Chapter 31
Az’s ear stays glued to her cell phone on the drive to the Patriarch’s River Oaks home. She checks in with Jose and relays my instructions to Greta. Her call to Greer is mercifully brief. She gives him a minimum amount of information regarding the kidnapping. He doesn’t put up much of a protest when she informs him that HPD support would not be turned away but outright interference would not be tolerated. The PC takes care of its own.
She makes one last call as I pull in to the driveway in front of a massive limestone reproduction French chateau. Who is she calling? Is she checking up on Quinn and Uriah? They didn’t go to school, so an update on them should have been included with Jose’s report.

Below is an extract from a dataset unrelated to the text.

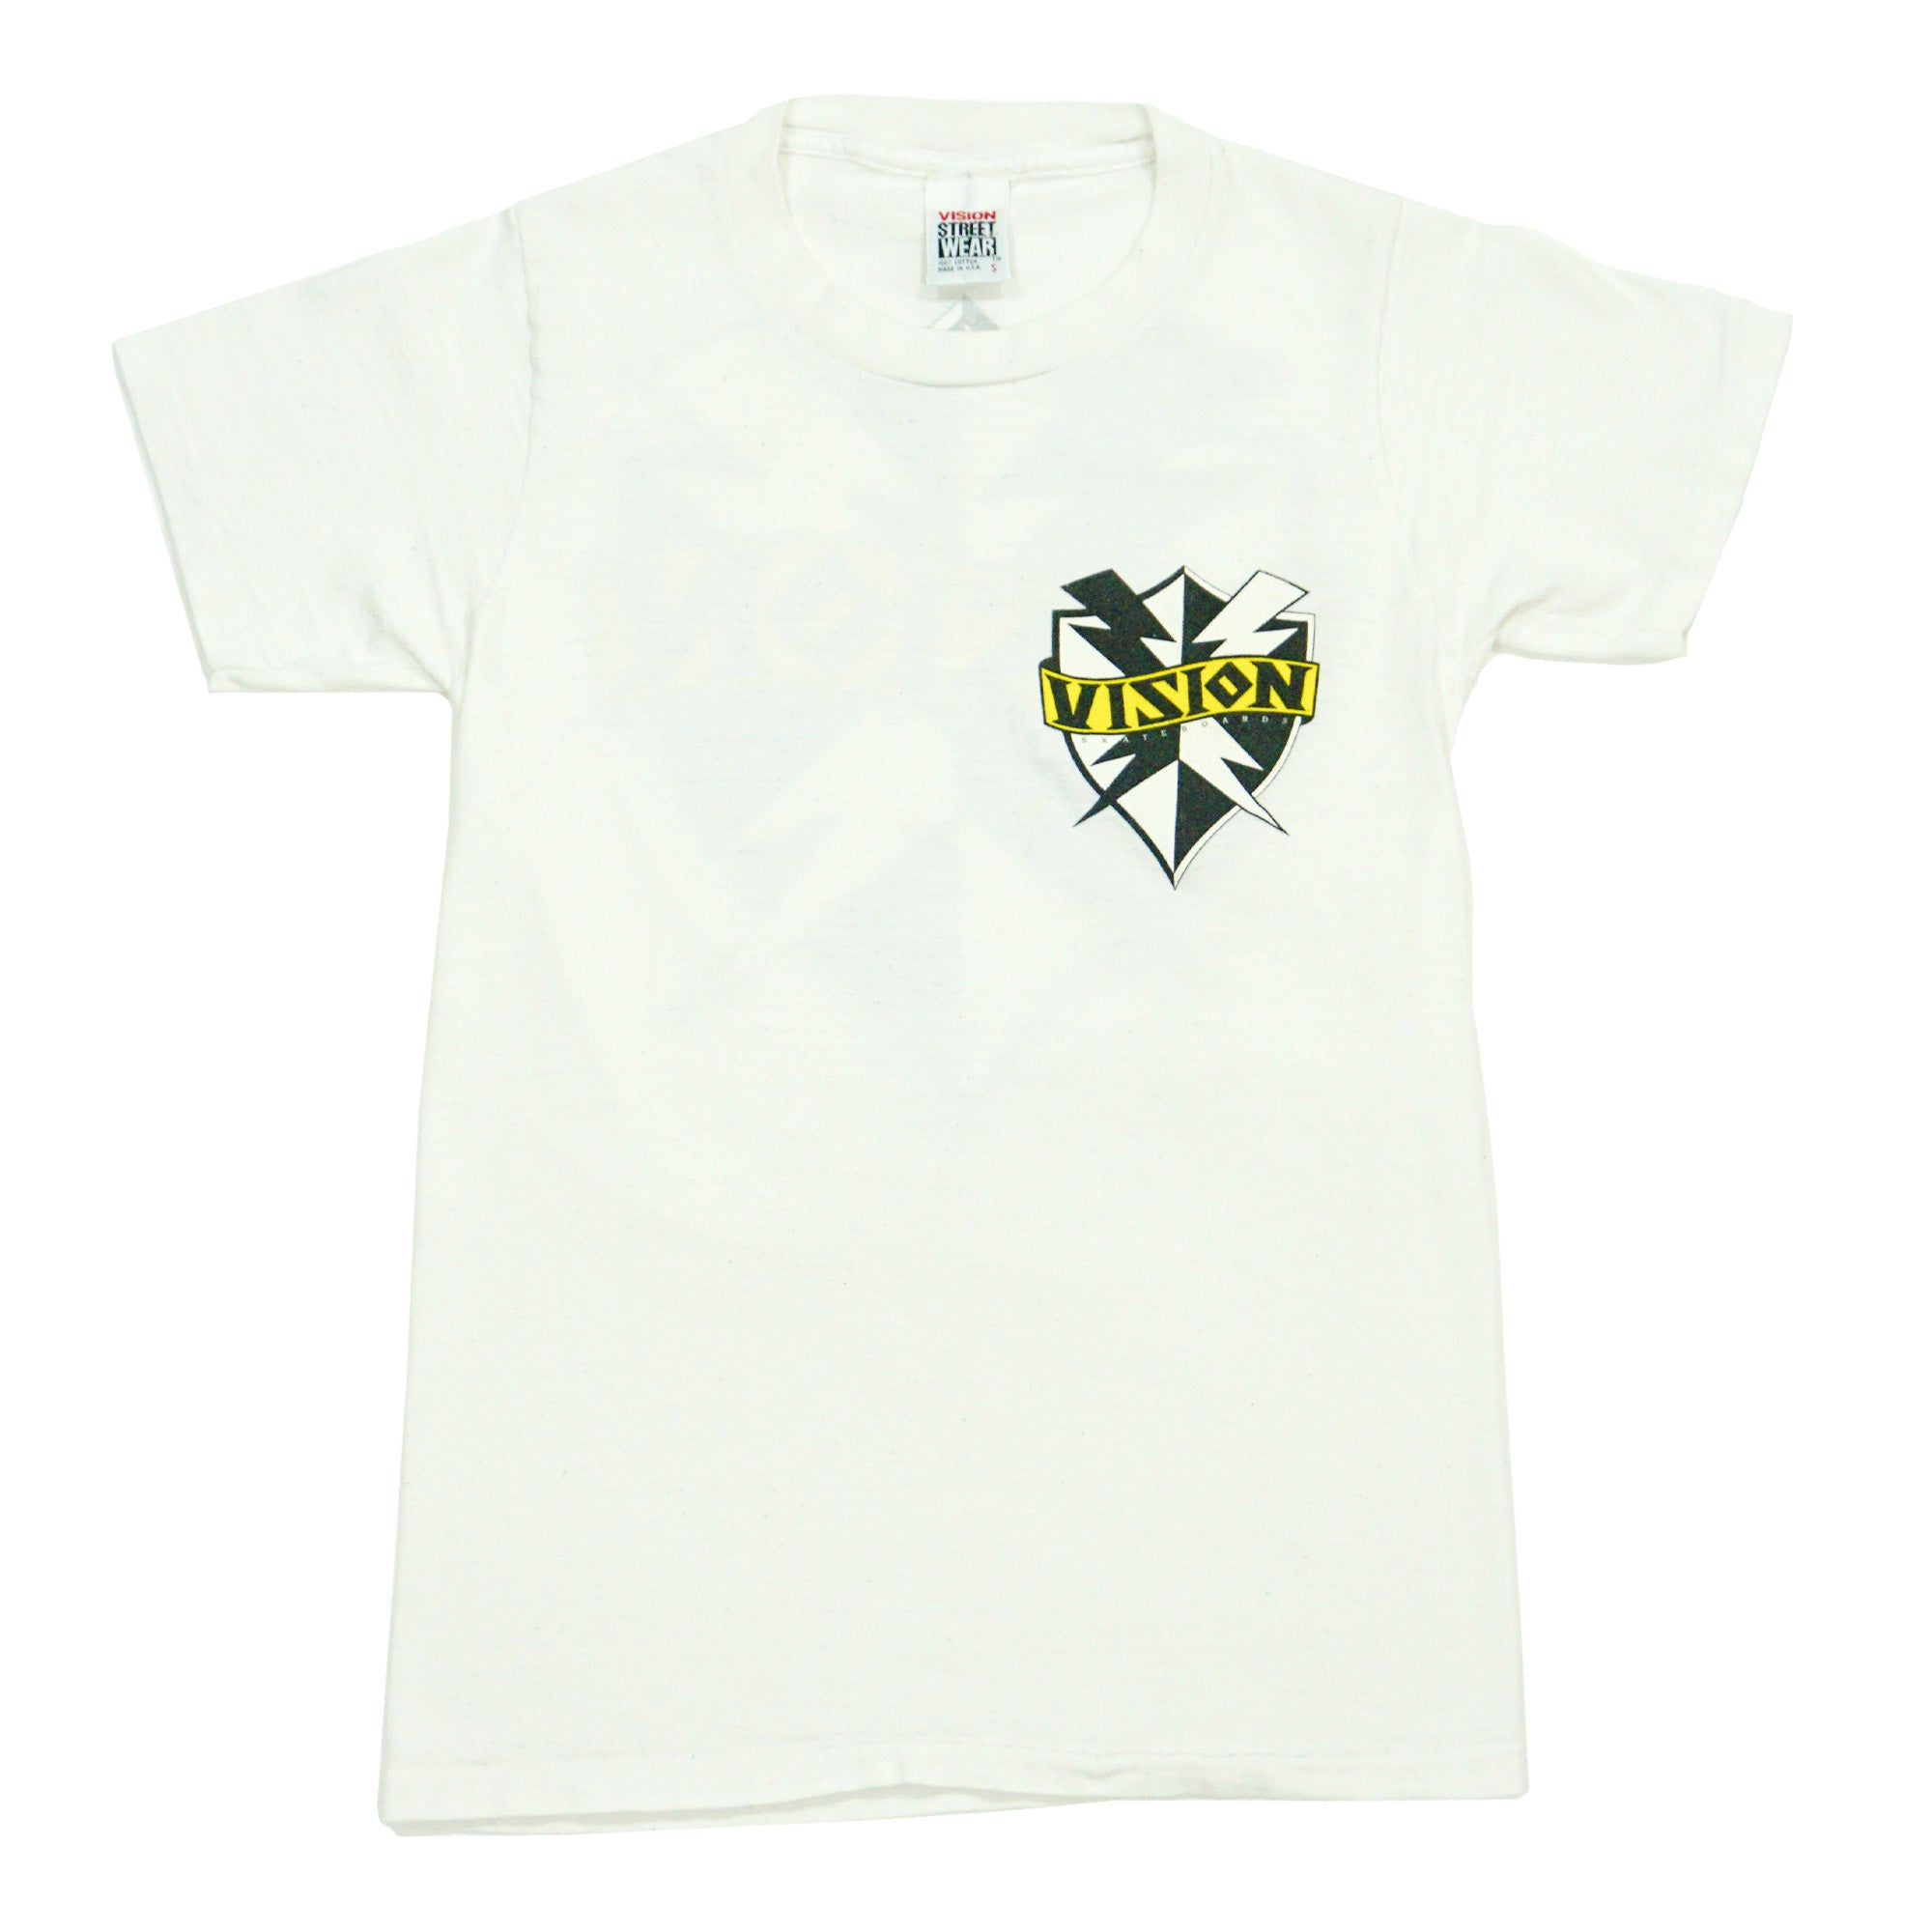 Vision Street Wear - Shield Shirt (S)

“He is a child! You should be ashamed of your behavior,” she snaps at the person on the other end of the call. The knuckles gripping her phone are white and her eyes are incandescent with rage.
“There is always collateral damage in war. Do not worry so about one child. You and I will build a dynasty.” Olivet’s smooth voice fills the cab of the truck.
“Children are to be protected. Cherished. Not used as pawns in a power struggle.” Az sucks in a steadying breath and exhales shakily. Her jaw is so tense I fear for her teeth. “If Daniel is harmed, if he has the slightest scratch, I will take great pleasure in burning your entrails for divination. While they are attached.”
She ends the call and slumps as if all the bones in her body had been turned to liquid. I expect to see tears streaming down her face, but her cheeks are dry. When her phone’s case creaks, I pry it out of her clenched fist.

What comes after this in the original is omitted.